Source data
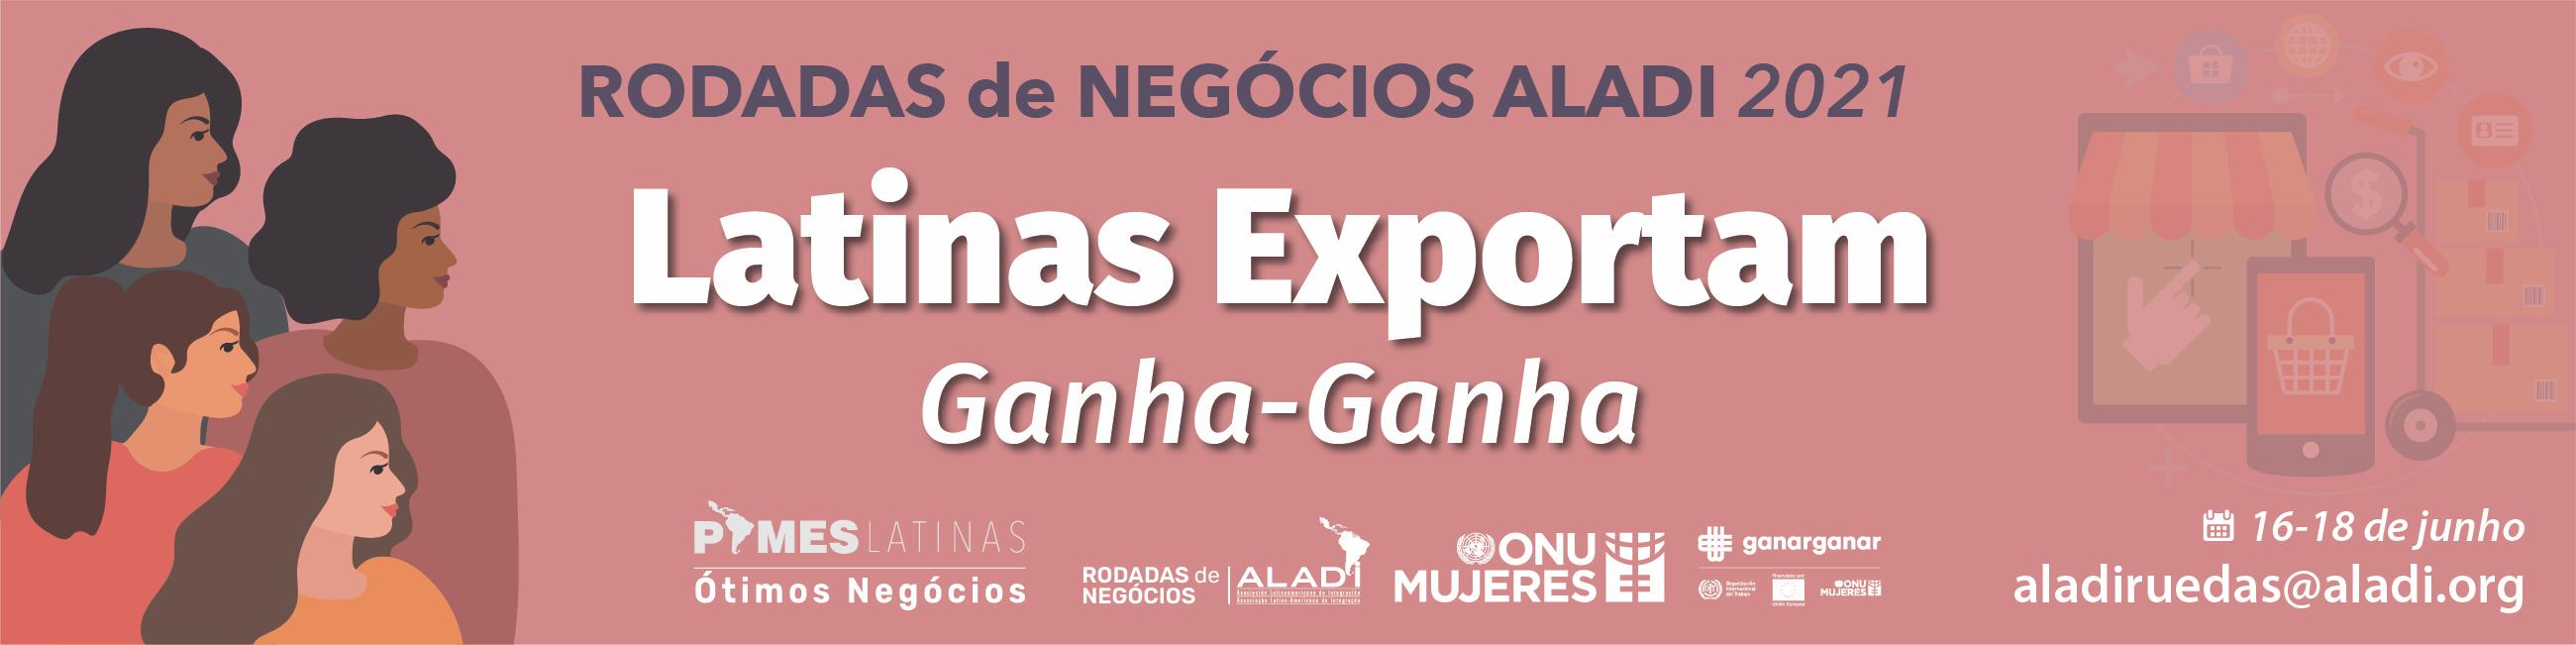 Rodada de Negócios Latinas Exportam: Ganha - Ganha
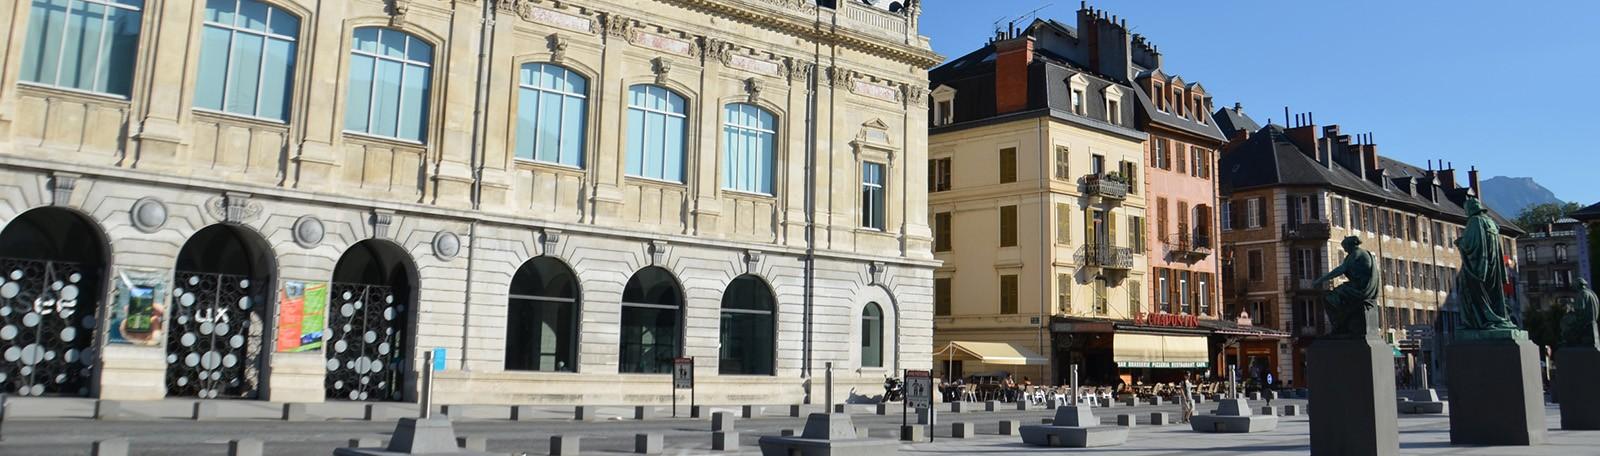 Parking Q-Park Cassine 2 - Chambéry gare sncf
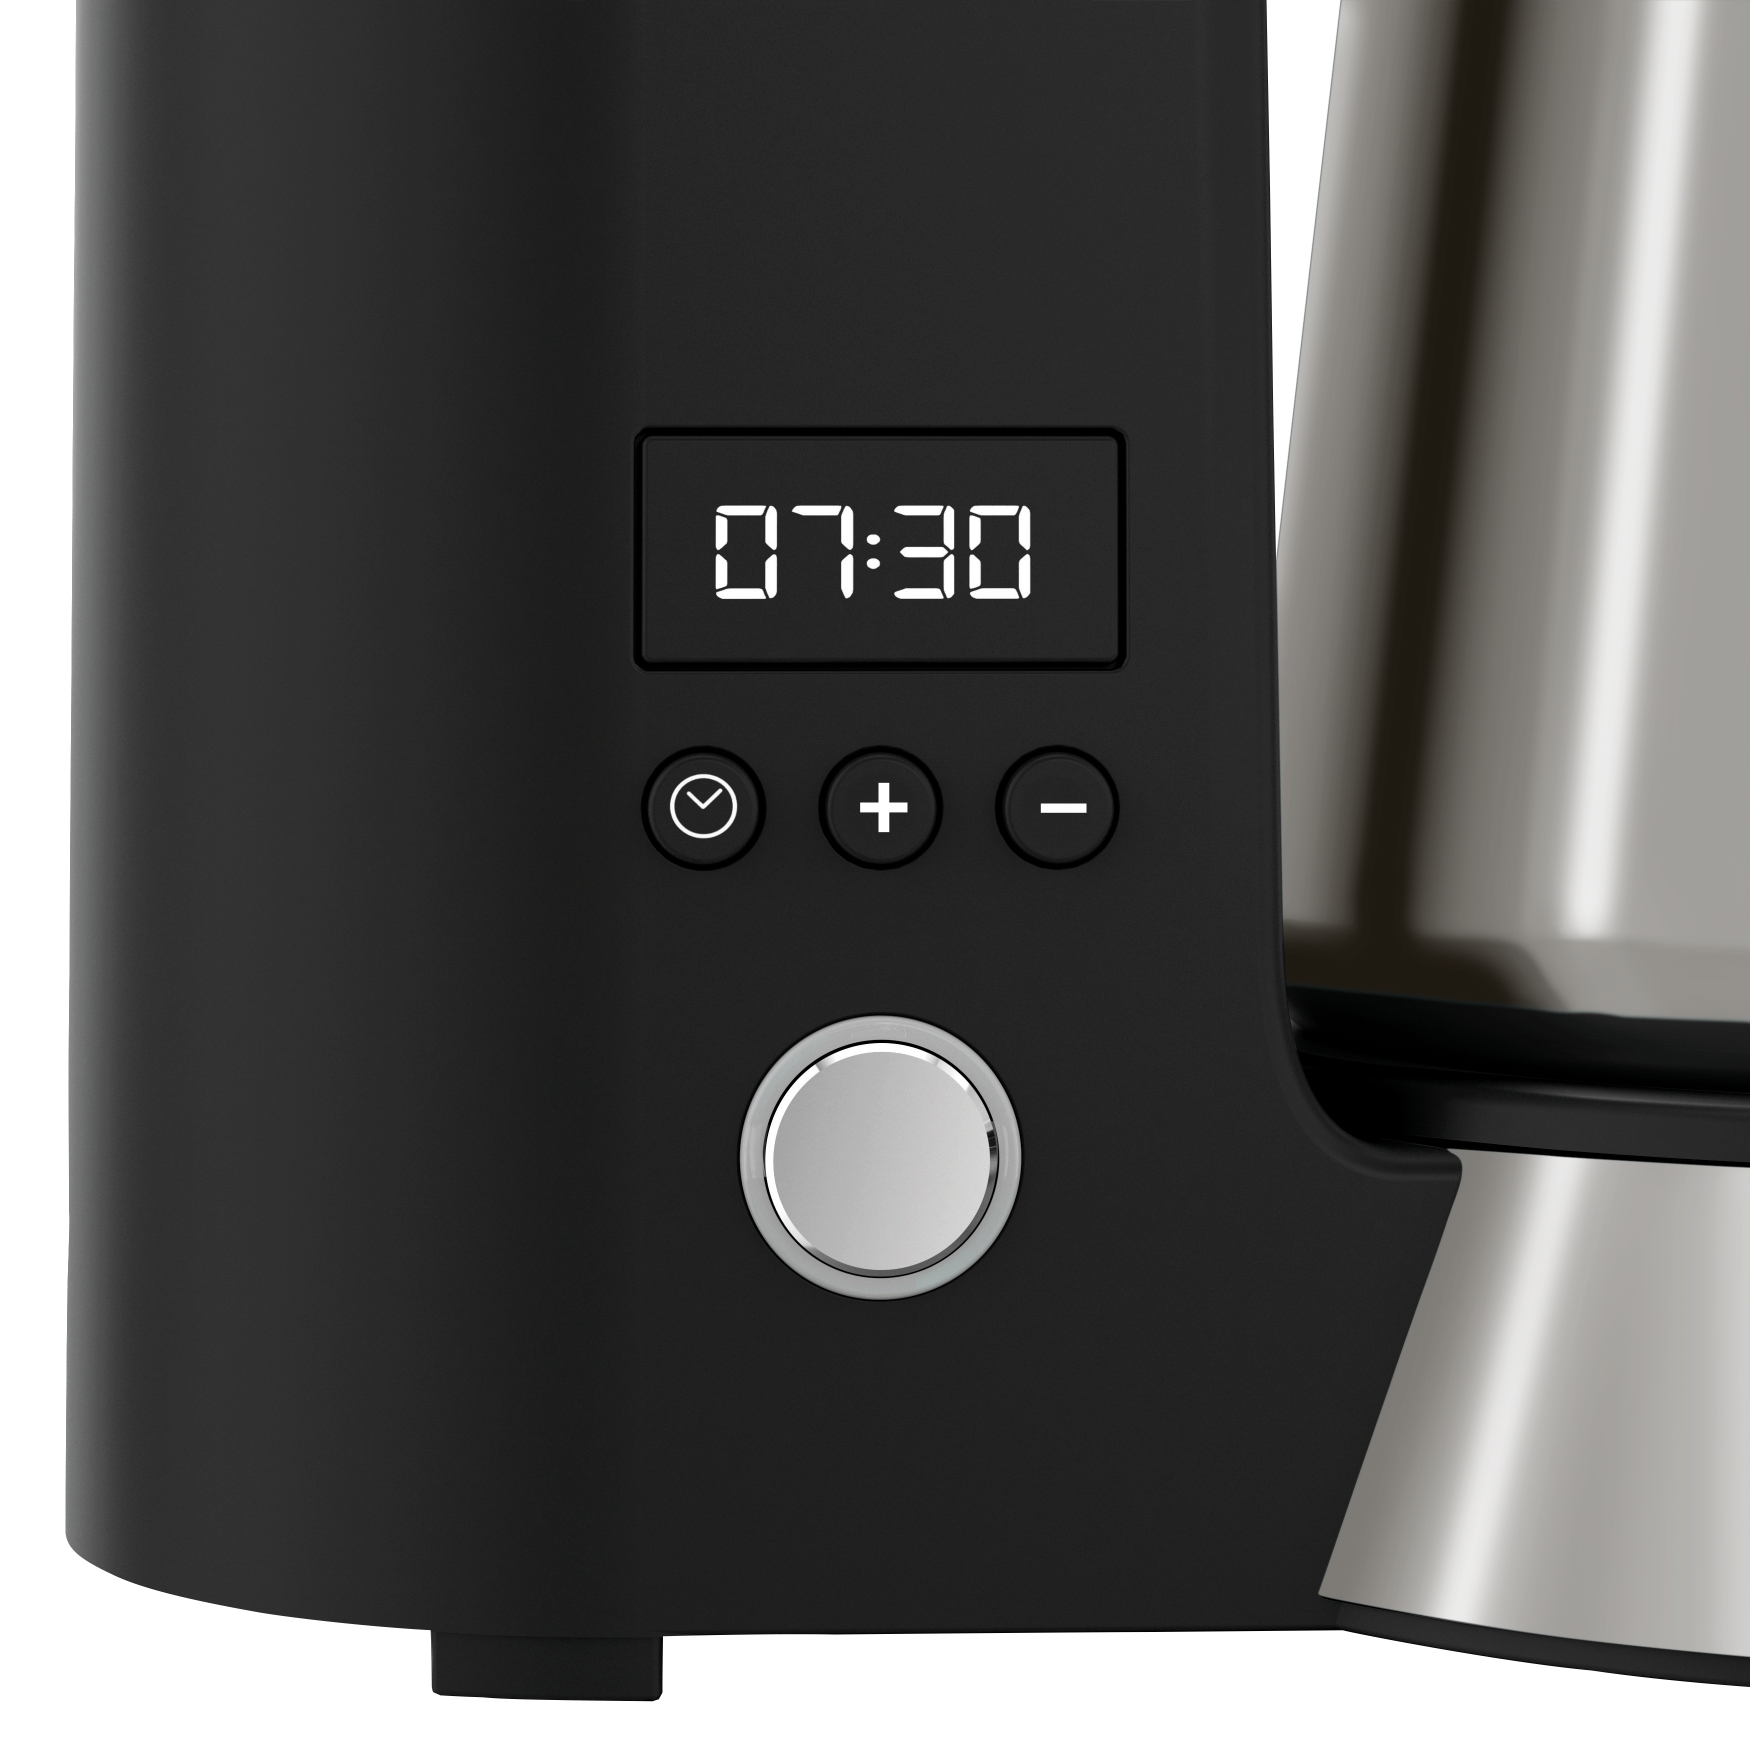 WMF KITCHENminisⓇ Filtre Kahve Makinesi - Termos Karaf, Grafit

What to do
Set aside the pictures. Then return every line of the material above verbatim.

Task result
 Rodada de Negócios Latinas Exportam: Ganha - Ganha
 Parking Q-Park Cassine 2 - Chambéry gare sncf
 WMF KITCHENminisⓇ Filtre Kahve Makinesi - Termos Karaf, Grafit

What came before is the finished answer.